Wednesday, February 01, 2006

luke

I've had this on my mind off and on over the last few weeks. Last Monday was particularly rough. I was hormonal and weepy and tired to begin with, and pictures of Luke's face kept jumping up in my head all day. I even sketched him during the staff meeting at work. I achieved a pretty reasonable likeness in a few of the doodles, because I scared myself with them when I ran across the paper on my desk yesterday. When I saw it, my brain injected this little ink sketch on yellow paper with three dimensions and color. It was eerily "real" for a minute. I was so rattled off my center when I saw it that I threw it away, but I wish now that I'd kept it. I did a little sketch of the scene, as well -- a view as I originally saw it, from across Wabash street. I sketch like autistic kids do, though. I see too much detail about how things are put together. I want to draw things the way I know they fit and function, not the way they look, so my perspective is always all wrong. I put in details that don't fit because I know they're there, even though I couldn't really see them from the distance I started sketching at.

Sketching it didn't help, though. The images were and still are there in my head... all a disconnected jumble. I was talking about this with a friend yesterday, and I think part of the reason I'm having so much trouble connecting the images and building a comprehensive movie of what was happening is that my perspective was not what it usually is. I usually see entirely too much detail about the physical world, as I mentioned. I may or may not notice that the couple in the corner are making googly eyes at each other, but I guarantee I'll notice whether the columns they're eyeing each other around are Corinthian, Doric, or Ionic. I usually have a near 360 degree view of my surroundings, always checking the edges. I may never turn my attention fully to those things on the periphery, but I know where they are and more or less what they are. In this situation, though, I was so completely focused on Luke and on his injuries and his condition that I remember feeling like I had tunnel vision. I don't multi-task very well in general, and it was all I could do to keep up with Luke. My surroundings, from the moment I put my hand on his throat to check for a pulse, virtually ceased to exist. I don't remember crowd sounds, I don't remember traffic noises. I don't remember light or shadow or the composition of the crowd or whether there was litter on the street. I only remember the maroon paint of the Blazer, the black glass everywhere, and Luke's brown skin and red blood. His hair was very dark, and curly, and frizzy. It was like mine is when I've given it the day off and not put any "product" in it. I don't even remember what he was wearing. I do remember the texture and color of the glove I picked up out of the Blazer... I just reached around the window frame into what would have been the cargo area and grabbed an eggshell-colored knitted wool glove. I remember thinking that I hoped it was clean, just before I used it to cover the wound on the back of his hand. It didn't seem very absorbent, and it was hard to get much direct pressure with the other injuries and the glass everywhere. He didn't seem to be bleeding too much from his hand, though.

I remember his face often. The red of blood on the brown of skin and the fear in his face when he realized he was alive and surrounded by strangers. His girlfriend came out of the building, I'm told, from which he had jumped. I never even saw her, but I'm told that she approached us at the car and looked down at him and then backed away. I never became aware of her at all. I was so grateful when Tuffy slid up next to me on my right side, because I felt safer then, with him there, guarding my flank.
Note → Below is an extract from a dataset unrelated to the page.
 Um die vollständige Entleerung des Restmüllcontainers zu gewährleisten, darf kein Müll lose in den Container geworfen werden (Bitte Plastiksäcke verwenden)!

The surgeon who asked Luke about his medicines came up on my left side. I remember only that his skin wasn't white, I couldn't have identified his race beyond that. Later, Amy and Tuffy told me he was Asian, but I don't remember. I remember ignoring some interfering noise coming from that side of my body while I was trying to get Luke to lie still, I imagine he must've been speaking. Eventually he touched my shoulder, made me stop and pay attention to him, told me he was a doctor. When he did, I stopped talking to Luke, and just listened.
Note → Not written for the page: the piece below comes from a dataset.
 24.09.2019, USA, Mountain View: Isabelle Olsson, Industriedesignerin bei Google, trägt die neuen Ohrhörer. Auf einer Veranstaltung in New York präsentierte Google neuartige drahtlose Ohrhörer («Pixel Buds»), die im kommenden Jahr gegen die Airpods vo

Amy saw the crowd come and go. Some people were claiming that he jumped from the "El" but that was clearly impossible from where he landed. It did look as though he had from across the street, though. A train went by on the "El" track just before we heard the sound of him landing on top of the Blazer. It seemed from the timing of the sounds that he'd been thrown from the train, or had been knocked off the track by the passage of the train.
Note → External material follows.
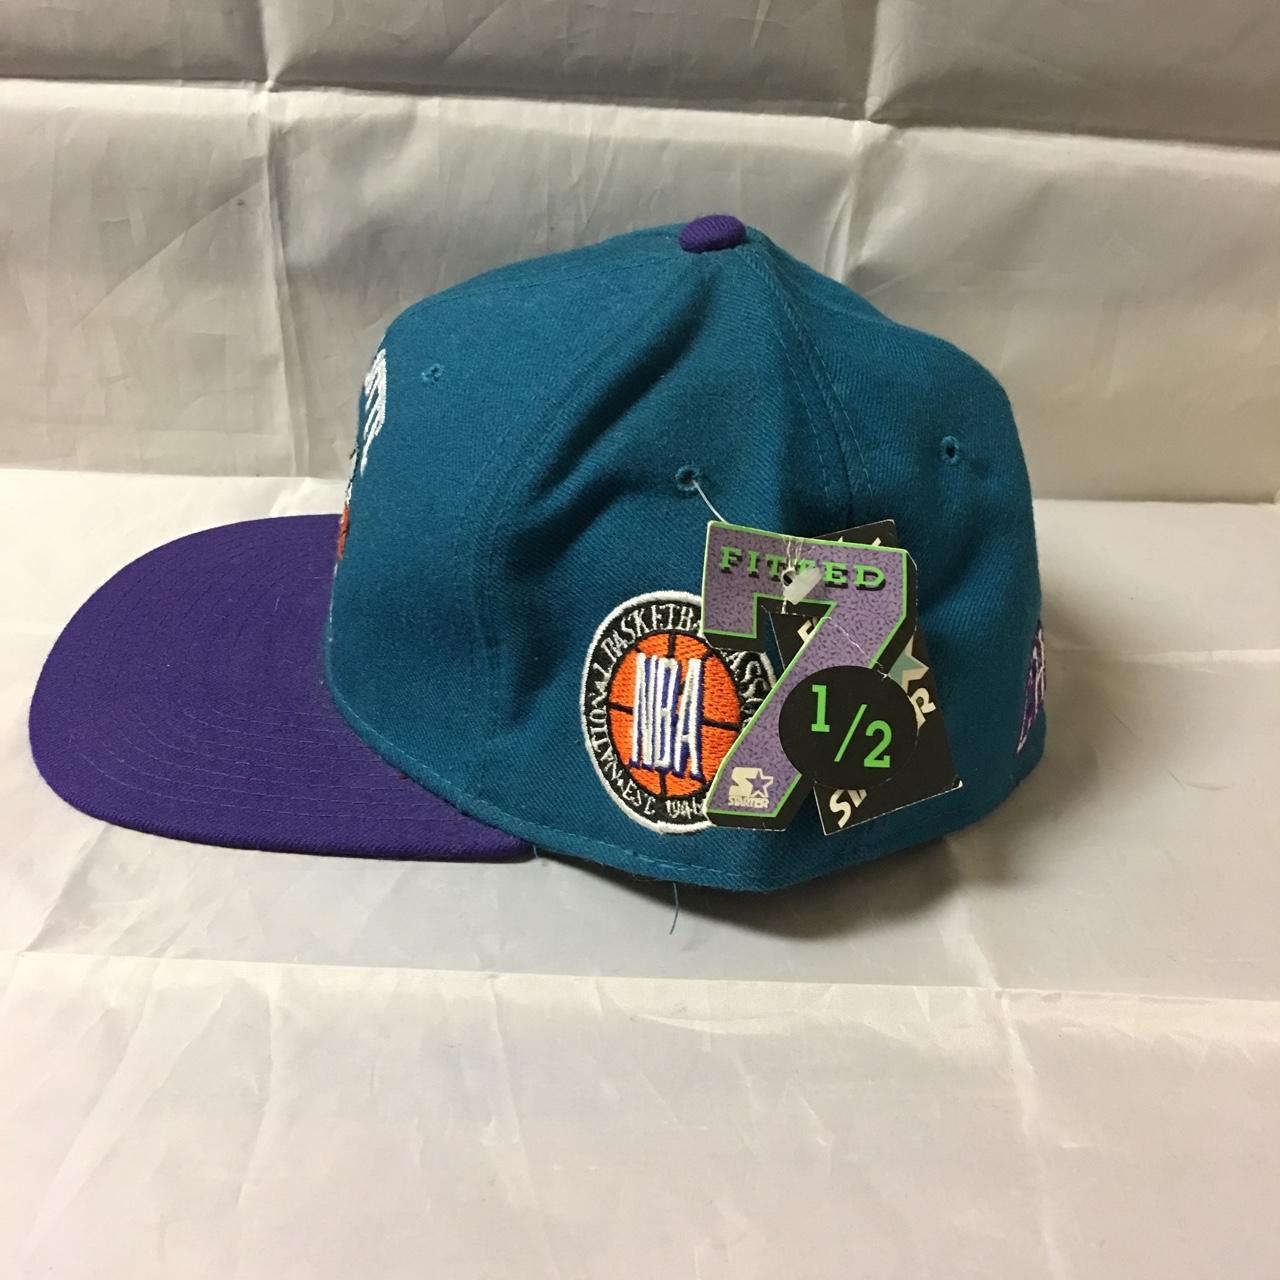 Vintage 90s Charlotte Hornets Starter Cap Hat - Depop

And now, for a minute, my head is blessedly empty. So I'm off to bed. I hope this is the last of it, but I doubt it will be. Sorry, readers. Thanks for your patience.

2 comments:

Anonymous said...

did you ever find out what happened to him ?

Thalassa said...

I never did. There was only the briefest mention of his suicide attempt in the newspaper the next day and never any followup. His name wasn't in the article, so it was hard to do follow-up searches. No young men named Luke showed up in the obituaries in the 6 weeks or so after the accident that I kept searching, so I hope he didn't die, but it's far from conclusive.